Supongo que todo el mundo ha leído las declaraciones que Milagrosa Martínez, exconsellera de Turismo de la Comunidad Valenciana y presidenta de la Agencia Valenciana de Turismo, hizo ante el juez que investiga un presunto caso de corrupción en relación con la presencia de esta región en la feria Fitur. Tengo esta creencia porque no concibo que alguien se haya perdido unas afirmaciones irrepetibles, infrecuentes, extraordinarias: dijo al magistrado que ella sólo supo qué era Fitur bastante después de acceder al cargo de consellera.
Yo le creo a pies juntillas. En este país, no sólo es posible, sino probable, que un conseller o consellera de Turismo carezca de todo conocimiento sobre el tema que va a dirigir. Lo mismo, desgraciadamente, sucede con los ministros –que siempre tienen la excusa de que ellos hacen política– y con los secretarios de estado, directores generales y otros cargos políticos elegidos por el Gobierno.
¿Por qué es tremendo que una persona que ha sido nombrada para hacerse cargo del turismo no tenga ni idea de aquello a lo que accede? Por supuesto, porque su gestión será un desastre.
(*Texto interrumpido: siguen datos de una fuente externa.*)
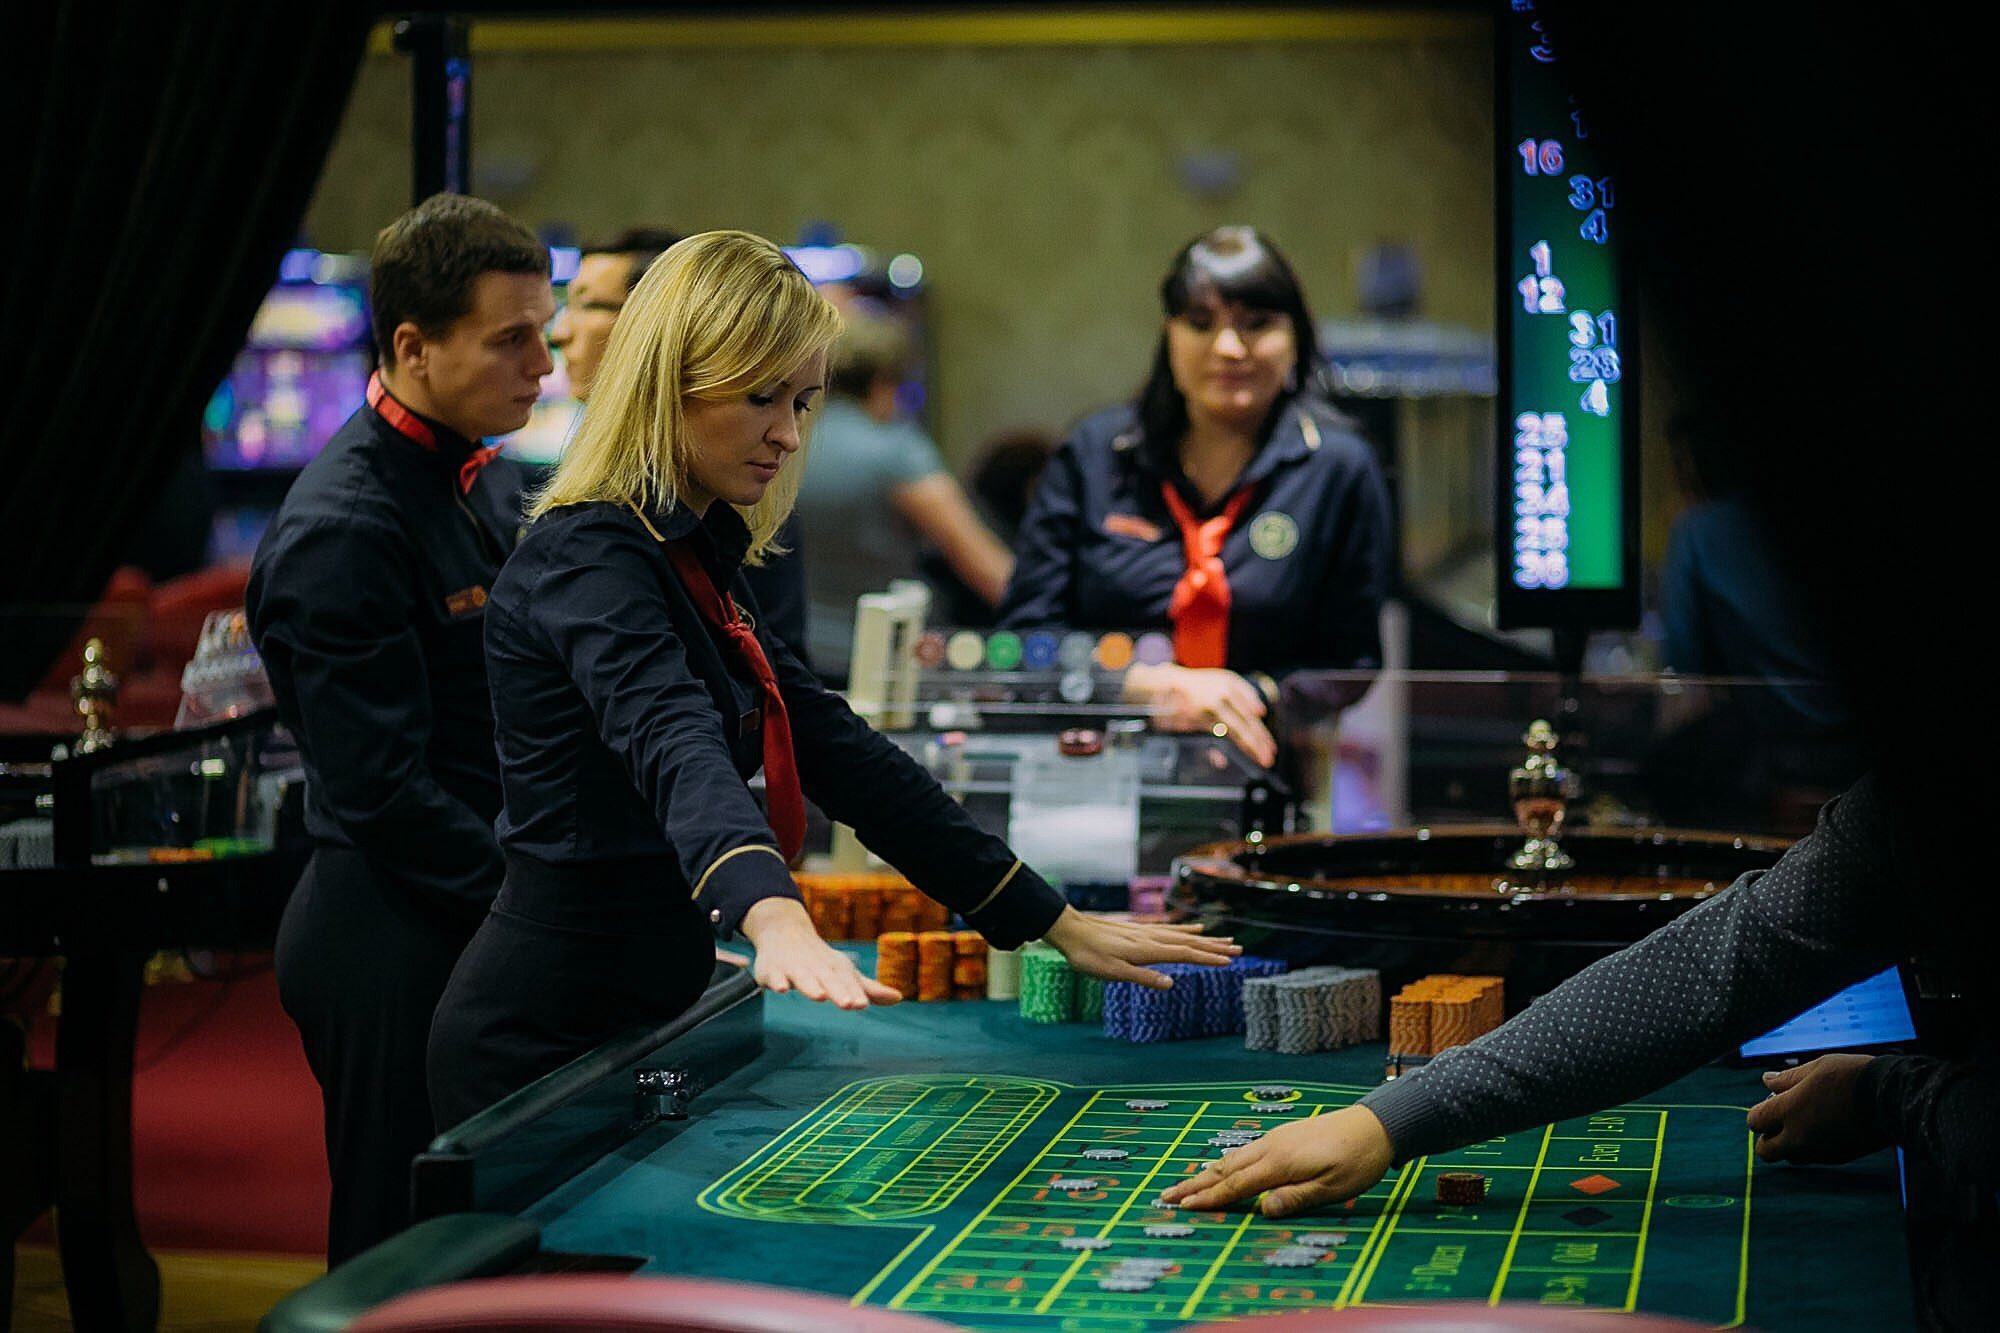 Online casino в россии в опере реклама казино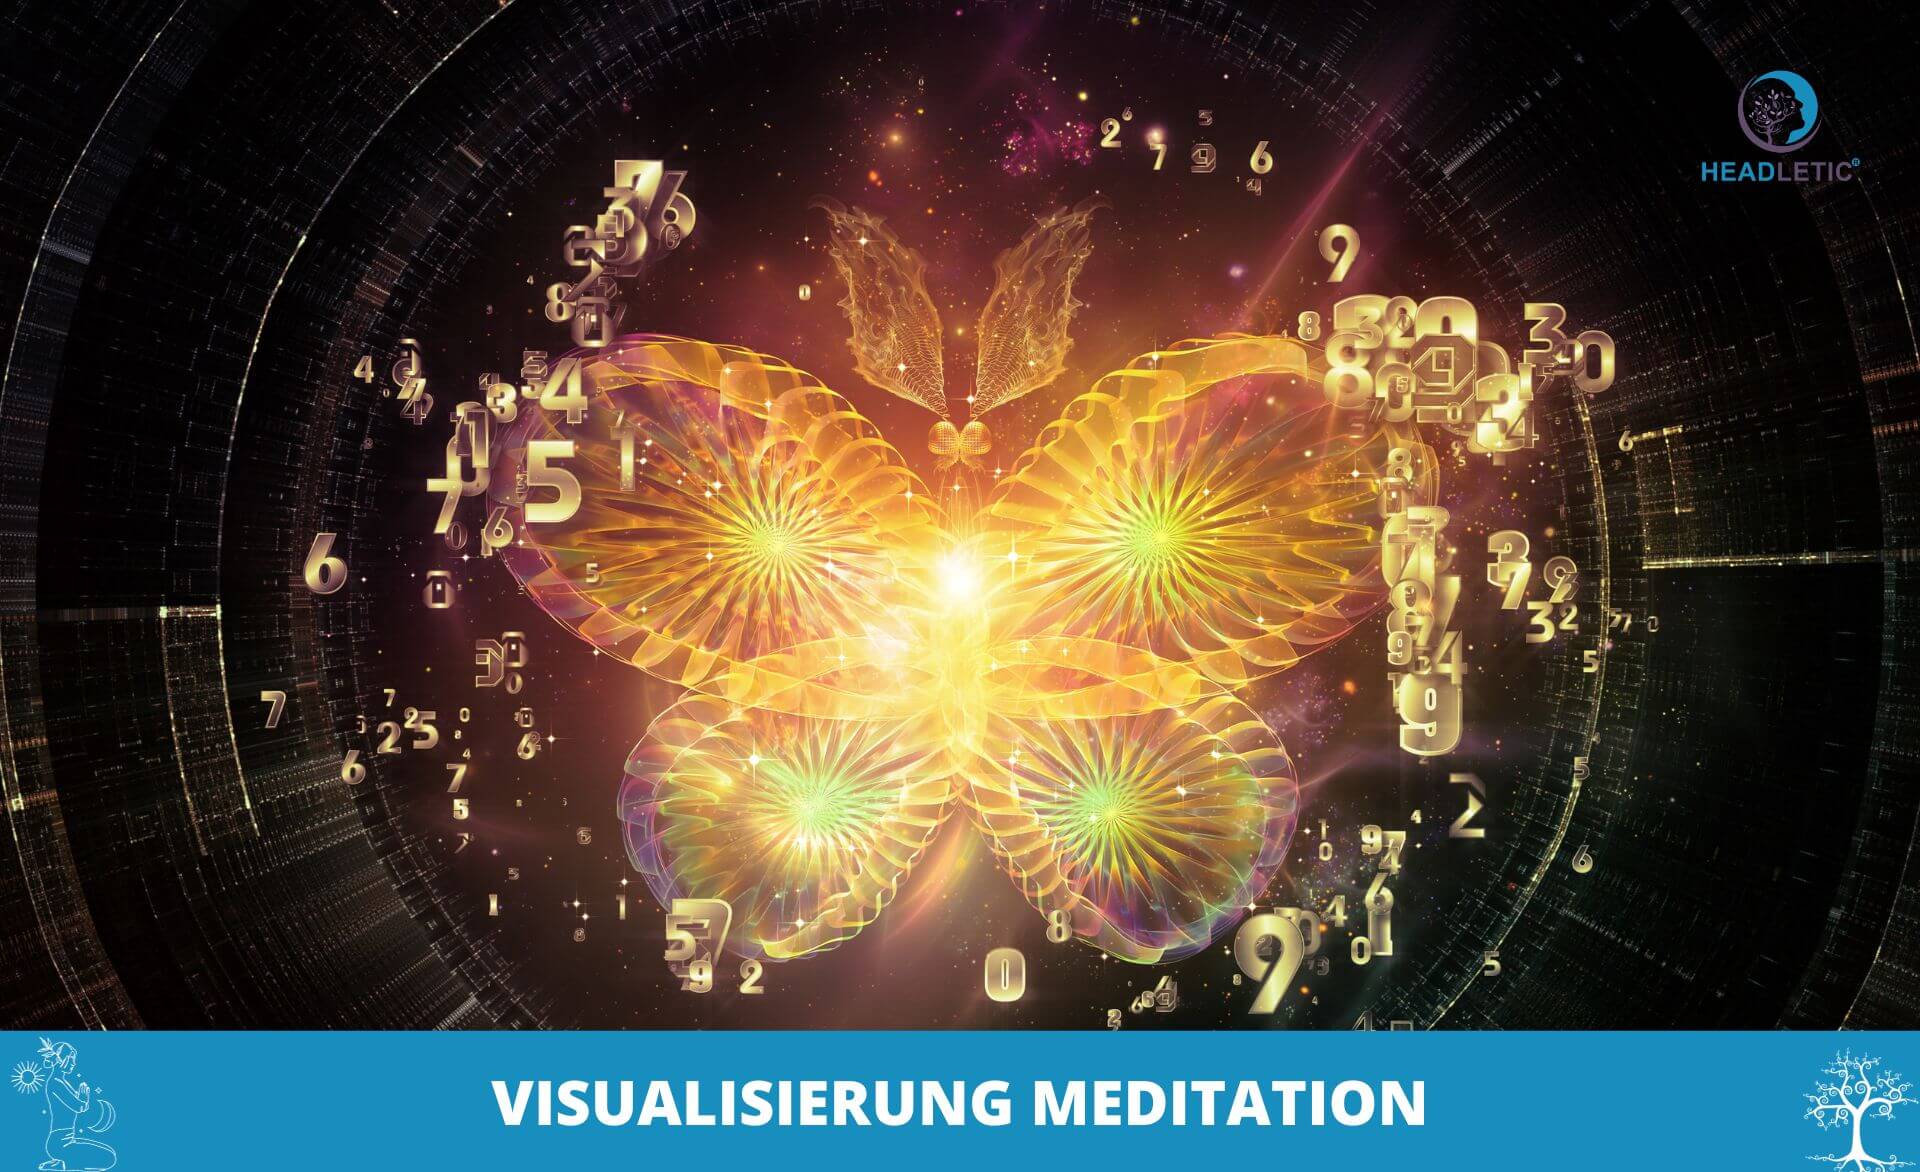 Meditation visualisieren - Meditation visualisieren - Meditation visualisieren - Meditation visualisieren - Meditation visualisieren - Meditation visualisieren -.

Pero ese no es, a mi modo de ver, el efecto más nefasto: lo peor, lo más desolador, es que trasmite la idea, la impresión, la sensación, de que saber de un tema no es importante, que de estas cosas se puede encargar cualquiera, que esto no es suficientemente serio como para exigir rigor y conocimientos, que esto es un poco de traca, que quien estudia, trabaja, se prepara y conoce el área ha perdido el tiempo, que aquí hay poco que aprender, que uno se familiariza con todo esto, como dijera un ministro a un ex-presidente, en dos tardes.
Este es el drama de este país: no creemos en el conocimiento, no valoramos la formación, no reconocemos el mérito.
A falta de conocimientos, ¿qué valores tuvo que demostrar Milagrosa para acceder al cargo? Carente de la más mínima formación y cualificación –puede que incluso ni siquiera hubiera viajado más allá de su pueblo natal–, probablemente se valoró en ella su fidelidad con la causa, su actitud ciegamente leal, su disposición a hacer lo que le ordenen sea o no razonable.
Anteponer lo segundo a lo primero, tan frecuente en política y no desconocido en la empresa privada.
Sería bueno que aquellos cargos públicos que pisen la cárcel (siempre menos de los que deberían) aprovechasen su estancia entre rejas para leer algún tratado de ética en el que se lea claramente: "Aceptar un cargo para el que no se está preparado es INDECENTE".